> **REQUIRED ACTION**
Repeat the listing below in full and exactly, but without its pictures.

> **STORED DATA**

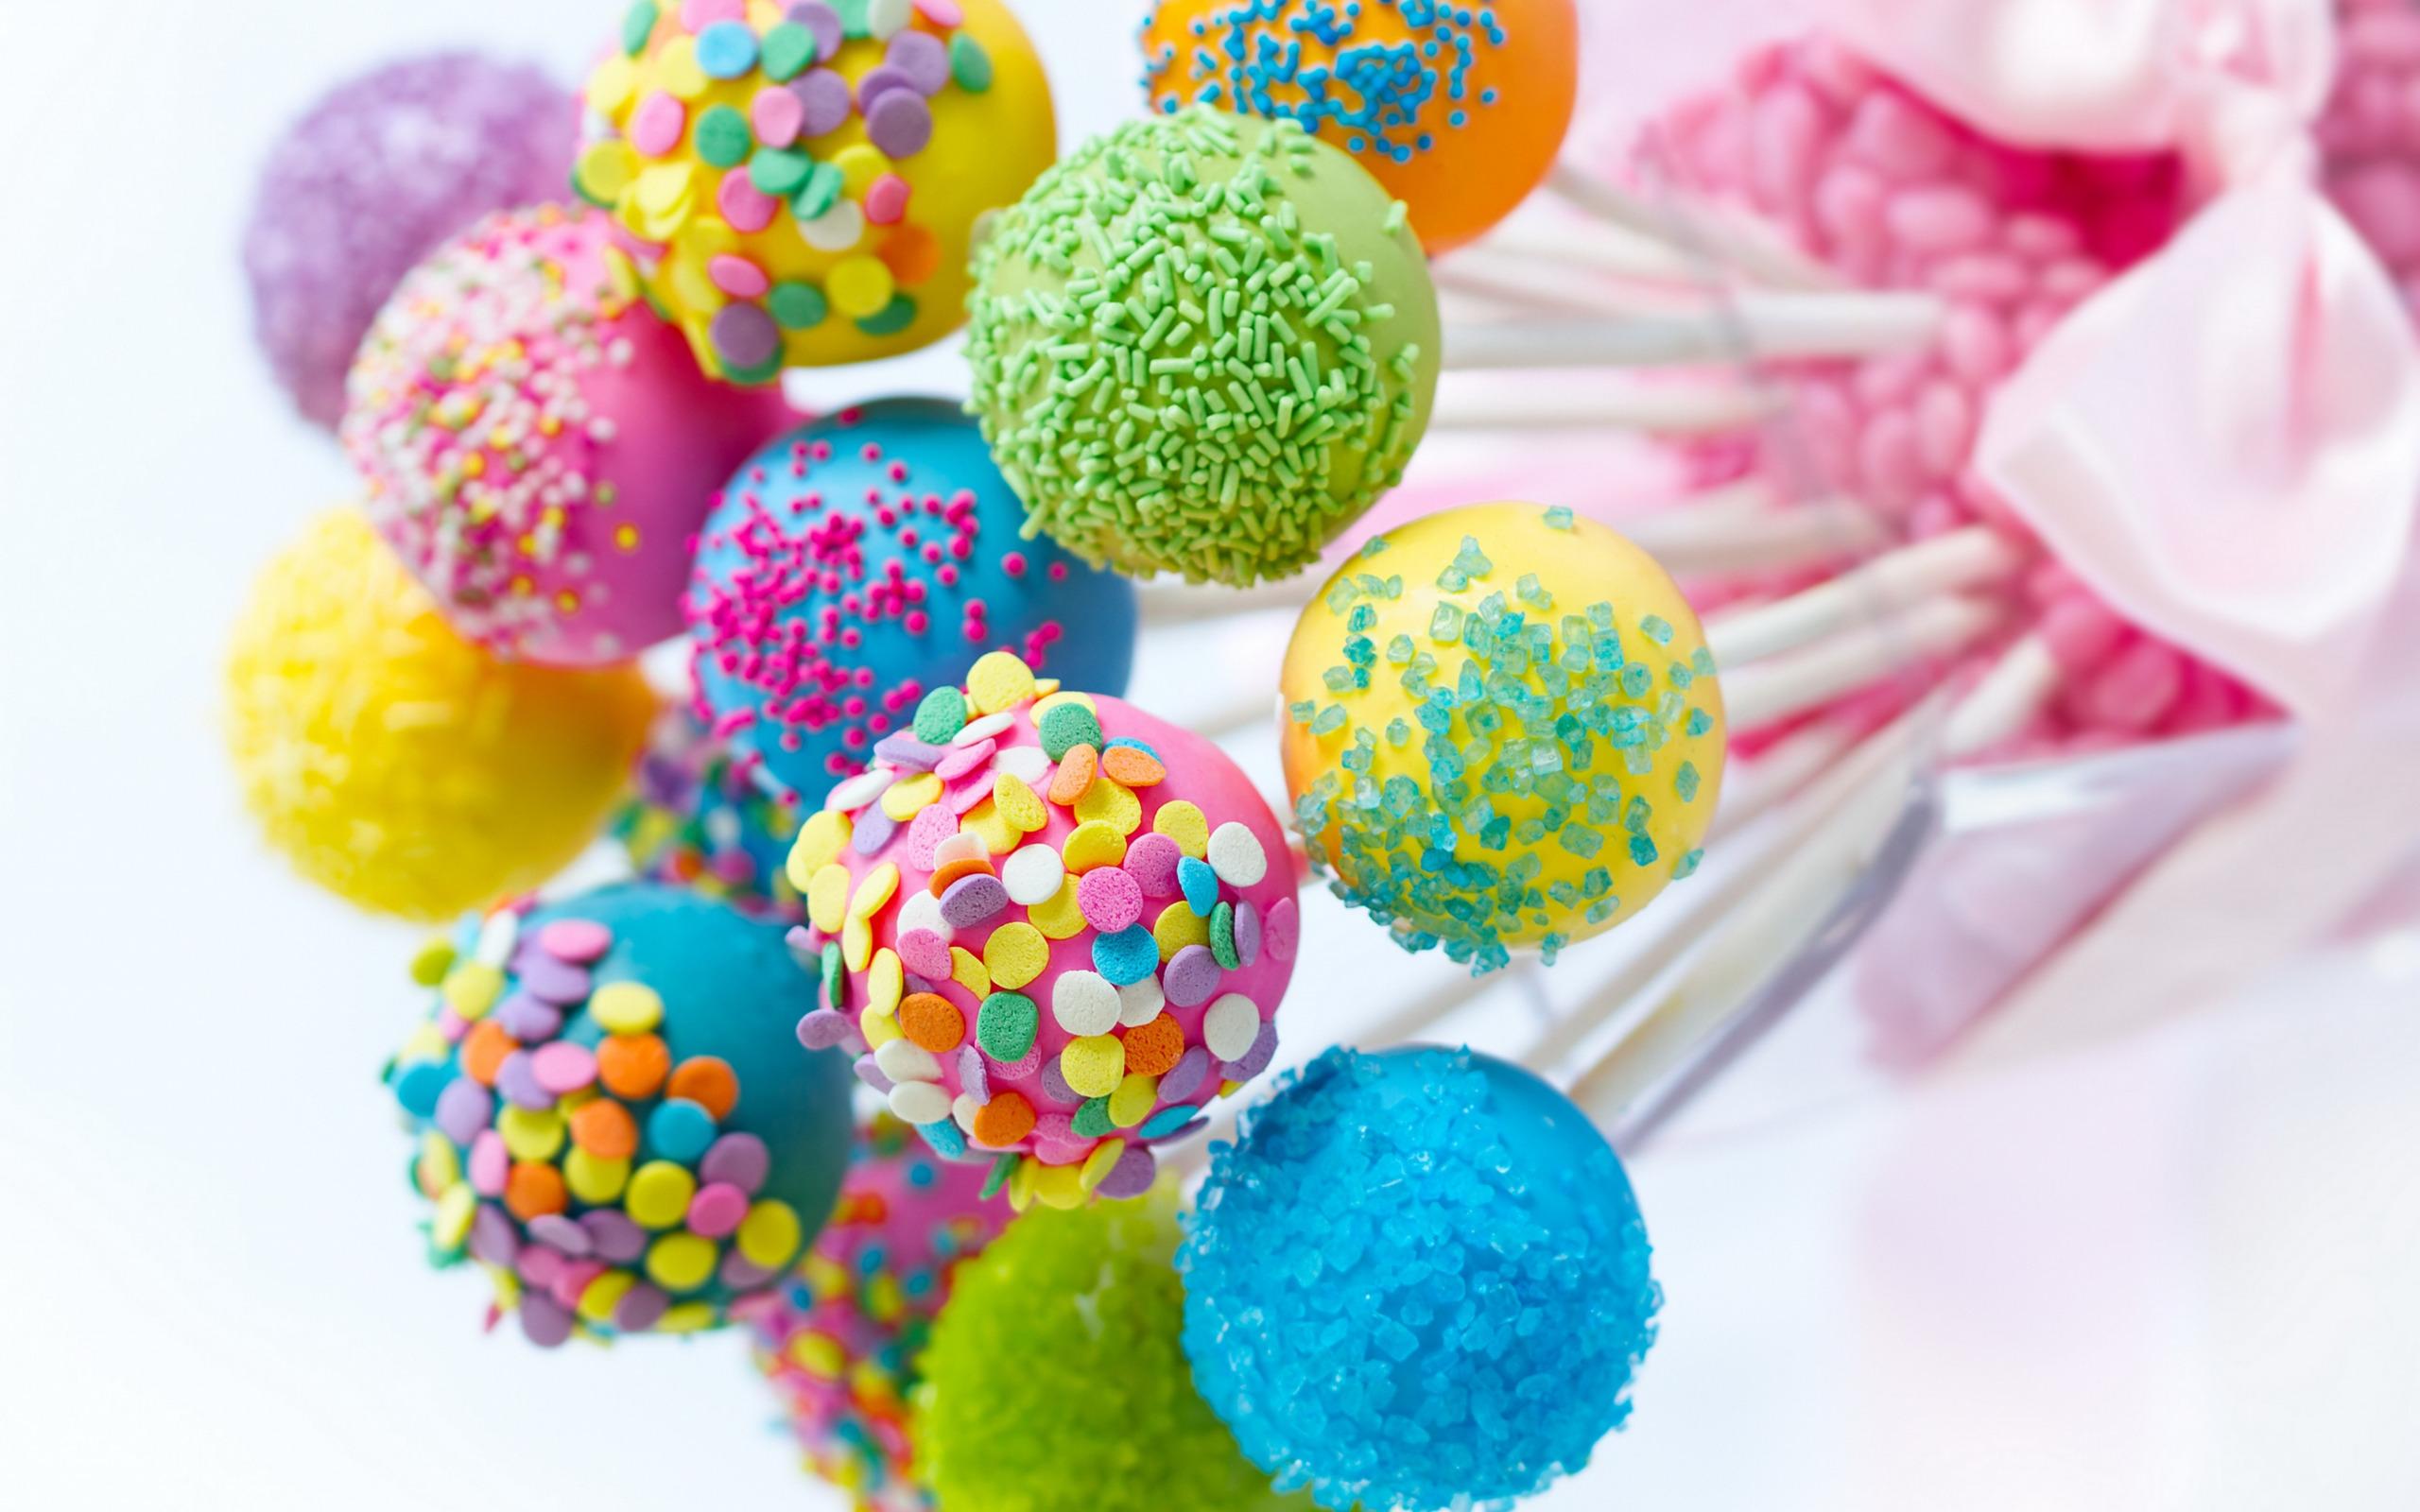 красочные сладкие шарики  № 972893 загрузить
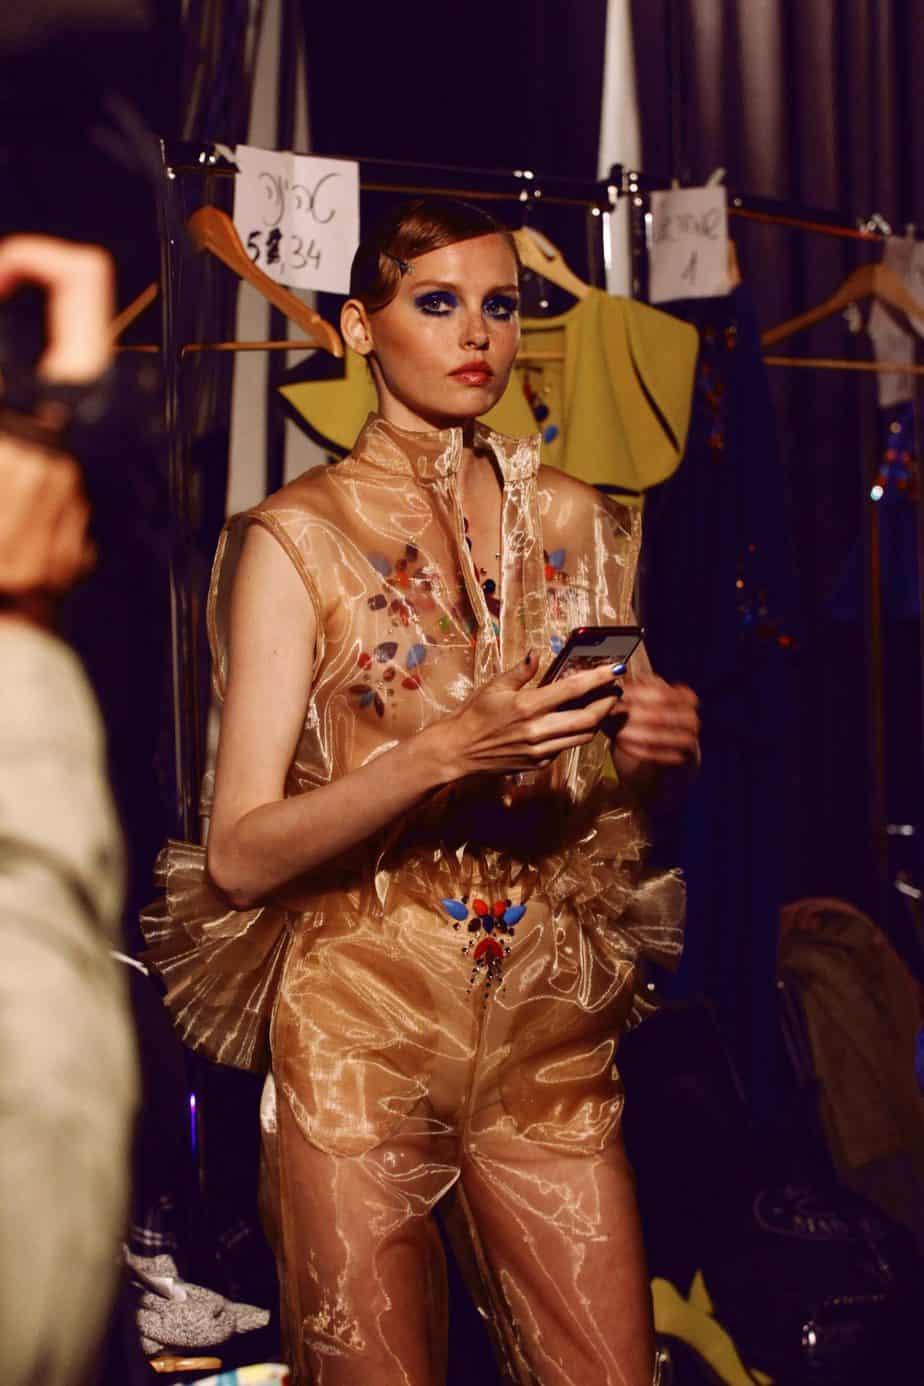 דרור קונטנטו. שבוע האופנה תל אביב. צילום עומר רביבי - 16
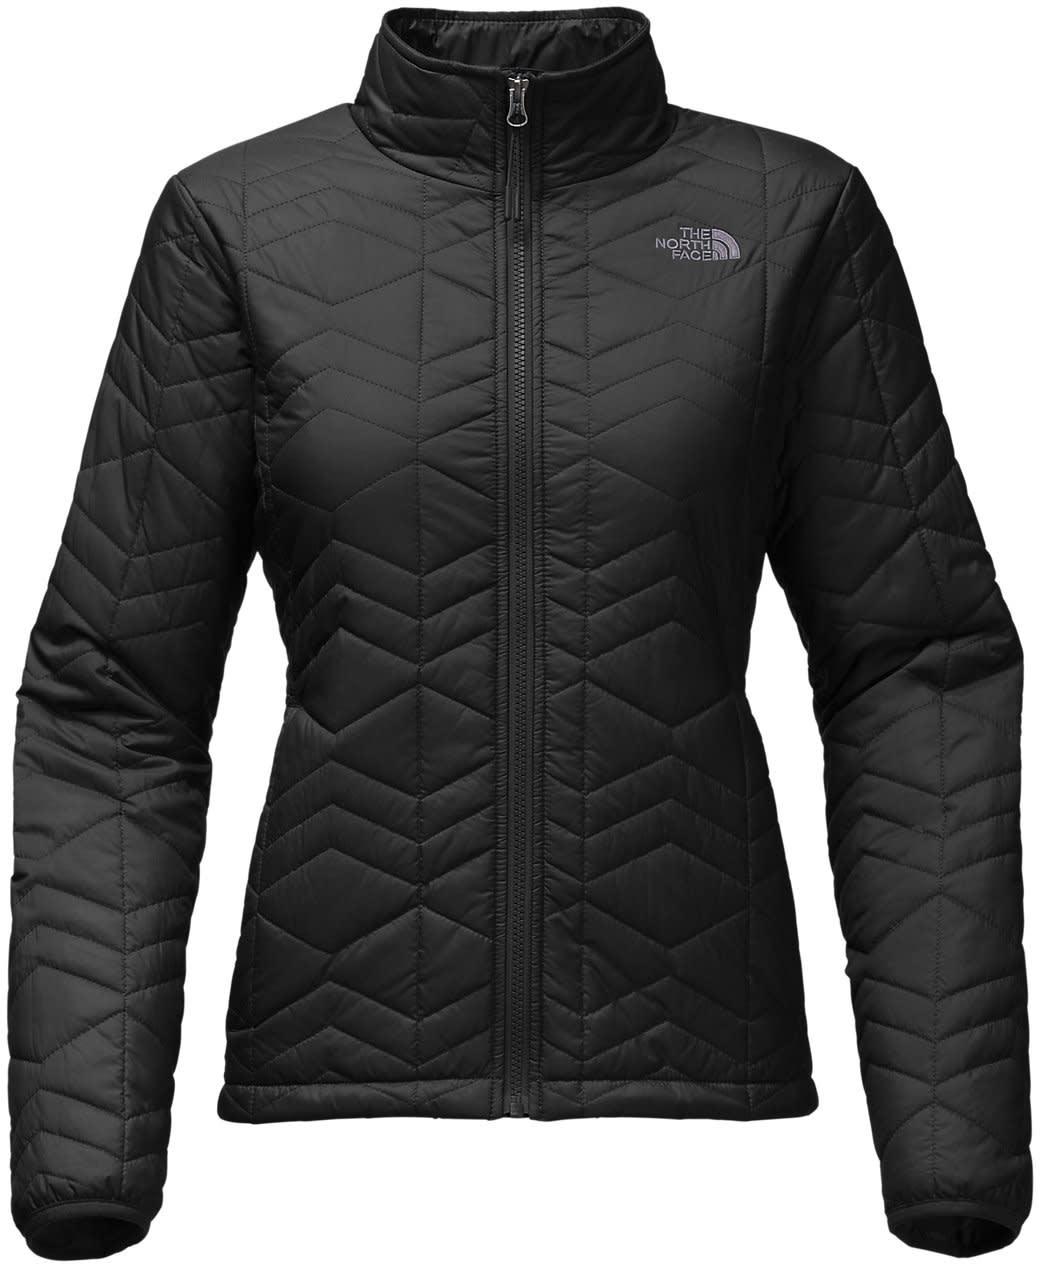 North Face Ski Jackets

> **REPLY TO THE TASK**
 красочные сладкие шарики  № 972893 загрузить
 דרור קונטנטו. שבוע האופנה תל אביב. צילום עומר רביבי - 16
 North Face Ski Jackets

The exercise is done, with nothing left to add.